Abstract Body (Do not enter title and authors here): Background: Ultrasound enhancing agents (UEAs) are an important diagnostic tool for transthoracic or stress echocardiography (TTE/SE) but recent concerns have been raised about their safety in reports from individual health systems.

Objectives: To identify if UEAs for TTE/SE are associated with serious adverse events within 48 hours of receipt in nationwide claims data.

Methods: All-payor nationwide claims from 320 million insured individuals across the US, 2018-2022 from the Komodo Health database were used to evaluate rates of death or the composite of death, anaphylaxis, MI, coronary angiography, PCI, CABG, ventricular tachycardia or cardiac arrest within 48 hours of UEA receipt for TTE/SE among adults. Propensity score matching (PSM) was used to account for baseline imbalances.

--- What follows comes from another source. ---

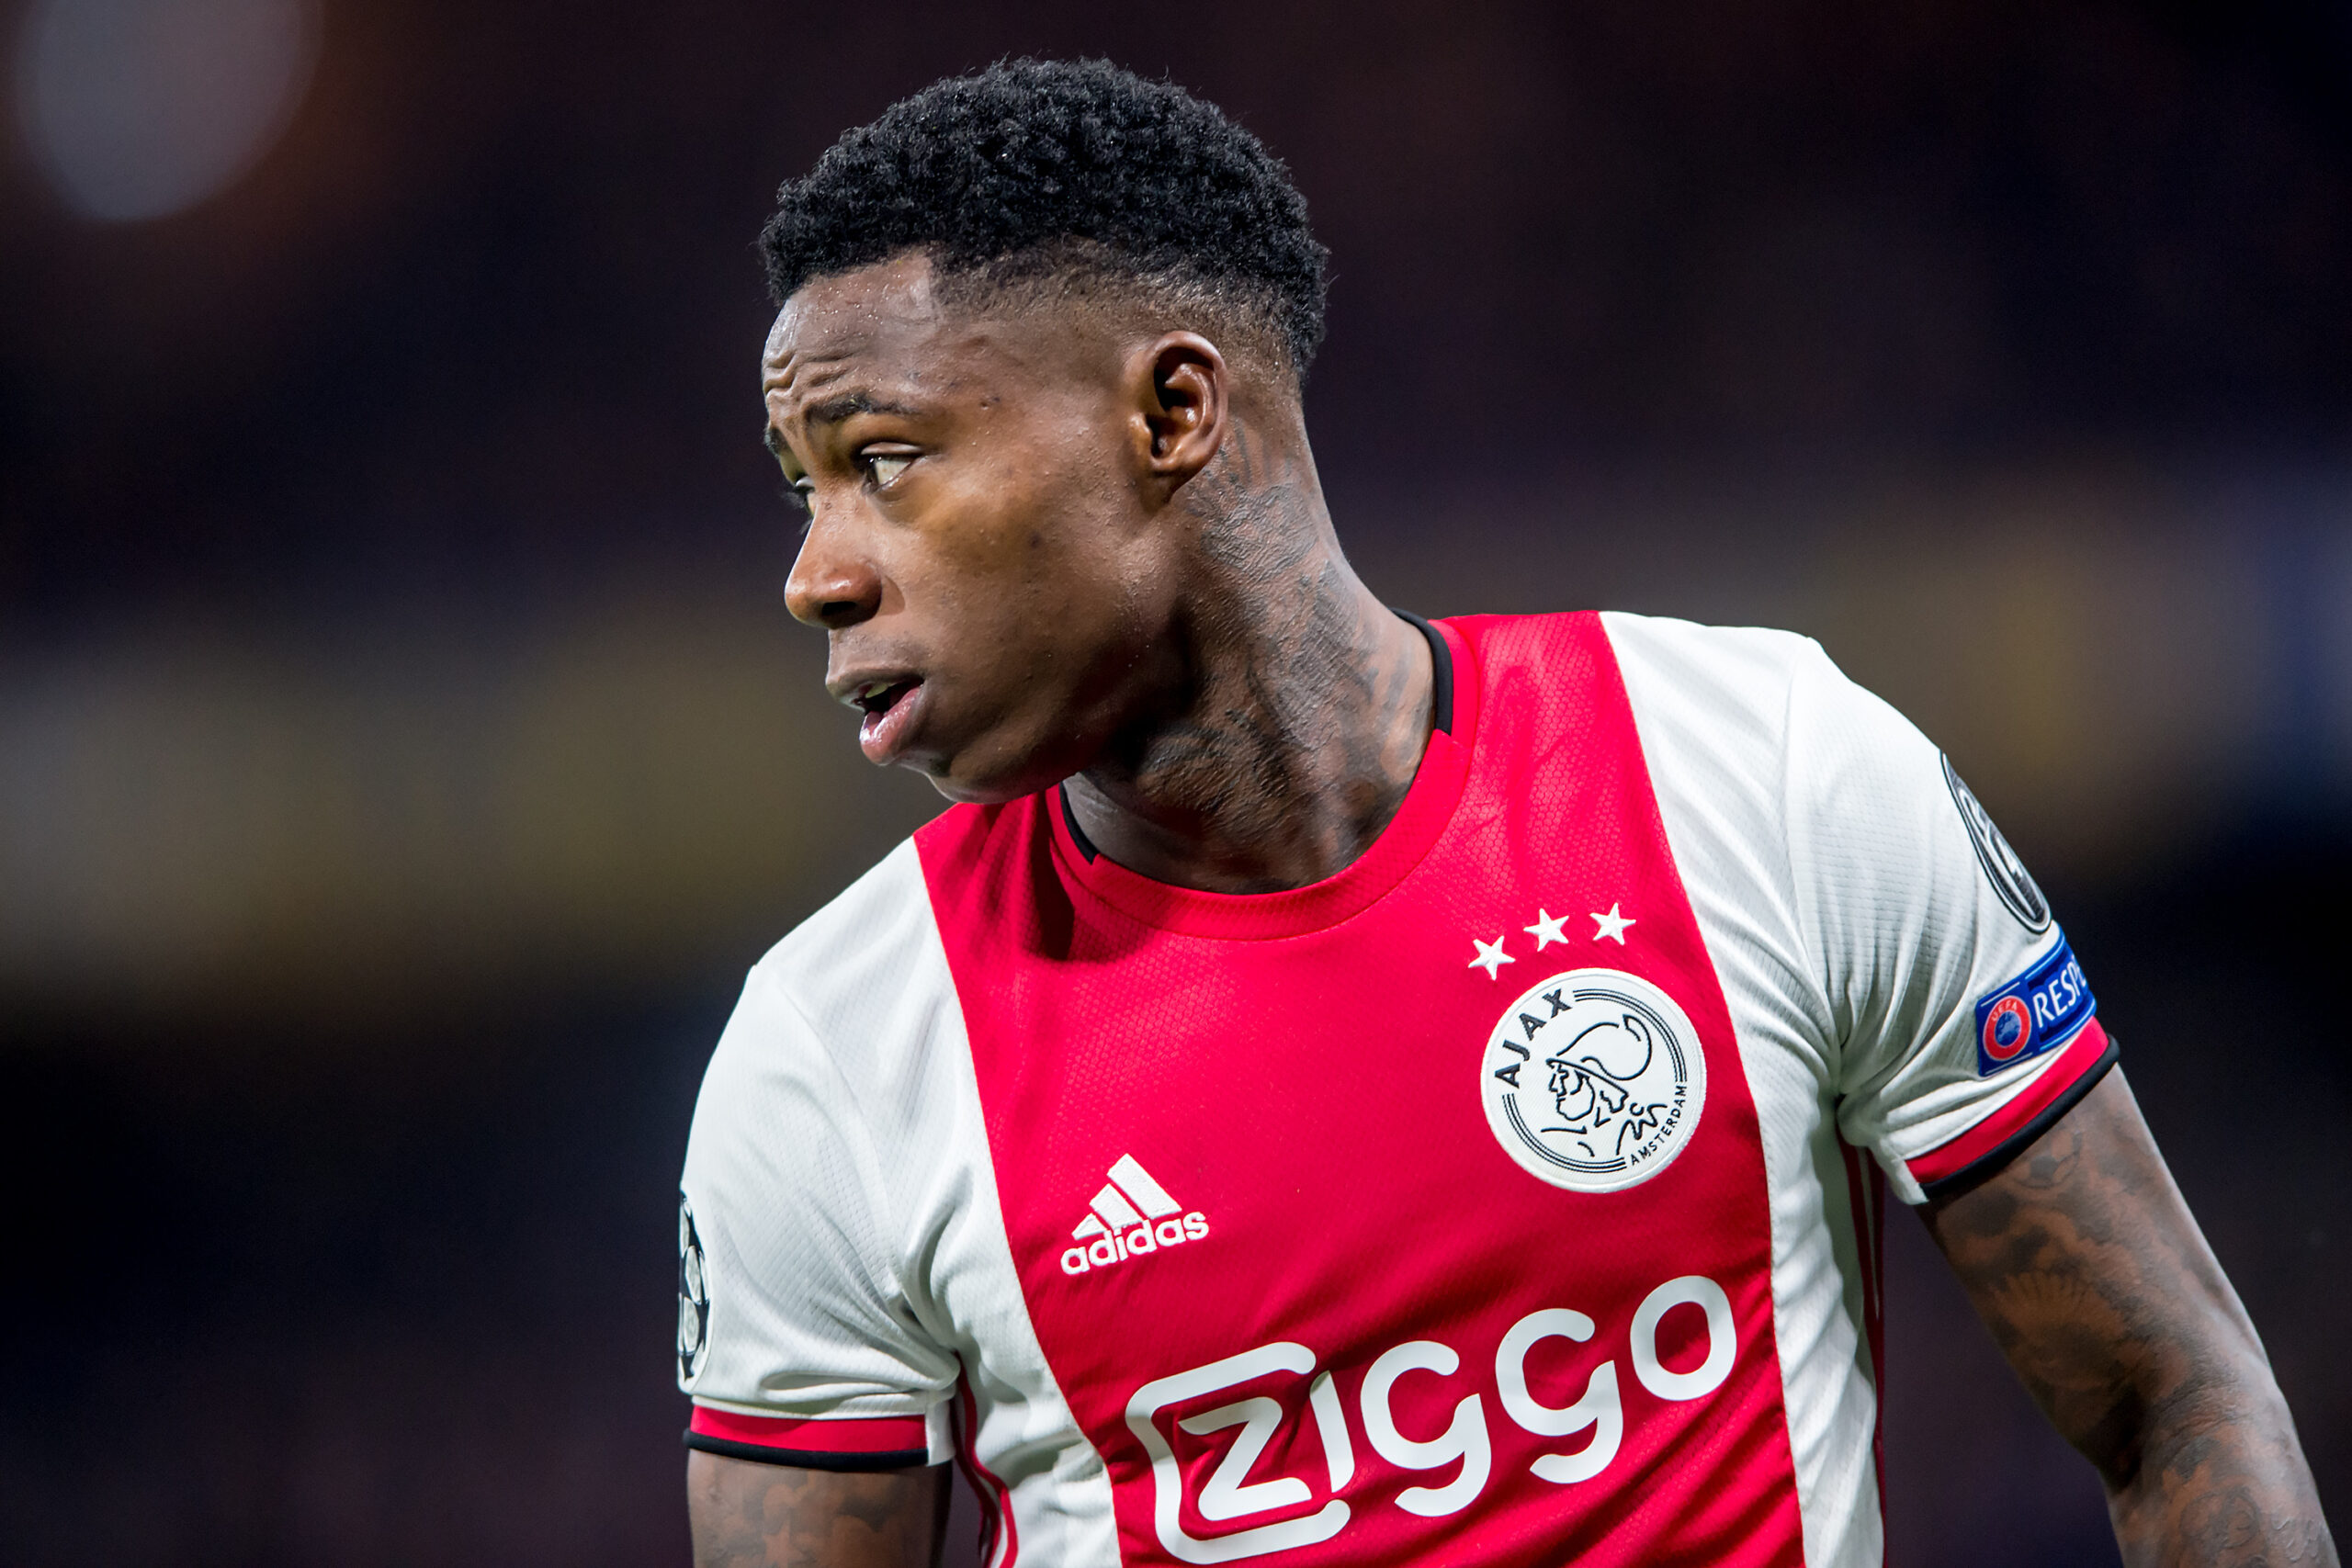 El jugador holandes, Quincy Promes, compañero de Edson Álvarez y Jorge Sánchez en el Ajax de la Eredivisie, fue procesado por traficar cocaína.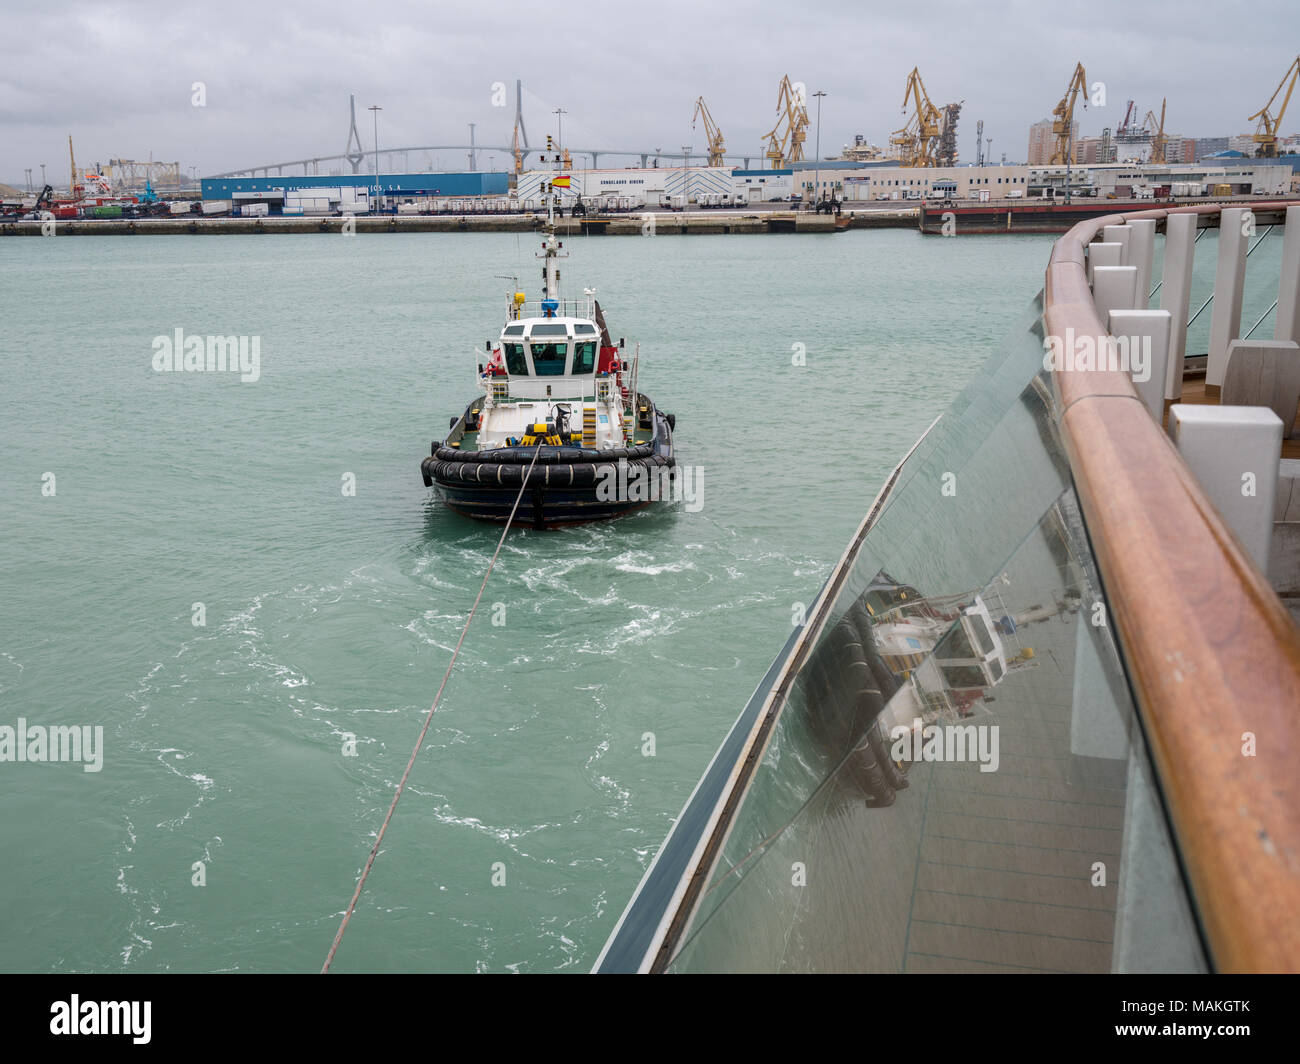 Tugboat in harbor of Cadiz, Southern Spain Stock Photo

Results: Of the 11,421,463 individuals included (mean age 57.5 ± 16.2, 54.0% female, 46.2% White), a total of 500,073 (4.4%) received TTE/SE with UEAs. Individuals receiving Lumason™ or Definity™ more frequently had TTEs/SEs performed in the emergency department/inpatient setting and had more comorbidities than those receiving Optison™. After PSM, the odds of death were lower in those receiving UEAs (receipt vs. non-receipt, 0.02% vs. 0.14%, OR 0.23, 95% CI 0.19-0.28, p < 0.001) and were similar across agents (Table; Definity™: 0.02%, OR 0.22, 95% CI 0.18-0.28; Lumason™: 0.03%, OR 0.33, 95% CI 0.18-0.28; Optison™: 0.01%, OR 0.17, 95% CI 0.08-0.38; all p < 0.001). Rates of the composite outcome were essentially unchanged after excluding claims for anaphylaxis. Rates of all outcomes were stable across study years, including considering pre-COVID (2018-2019) and post-COVID (2020-2022) periods.

Conclusions: In this large nationwide claims analysis from 2018-2022, serious adverse events from UEAs for TTE/SE were uncommon and overall similar across agents and years of study. Receipt of UEAs was associated with a lower odds of death at 48 hours.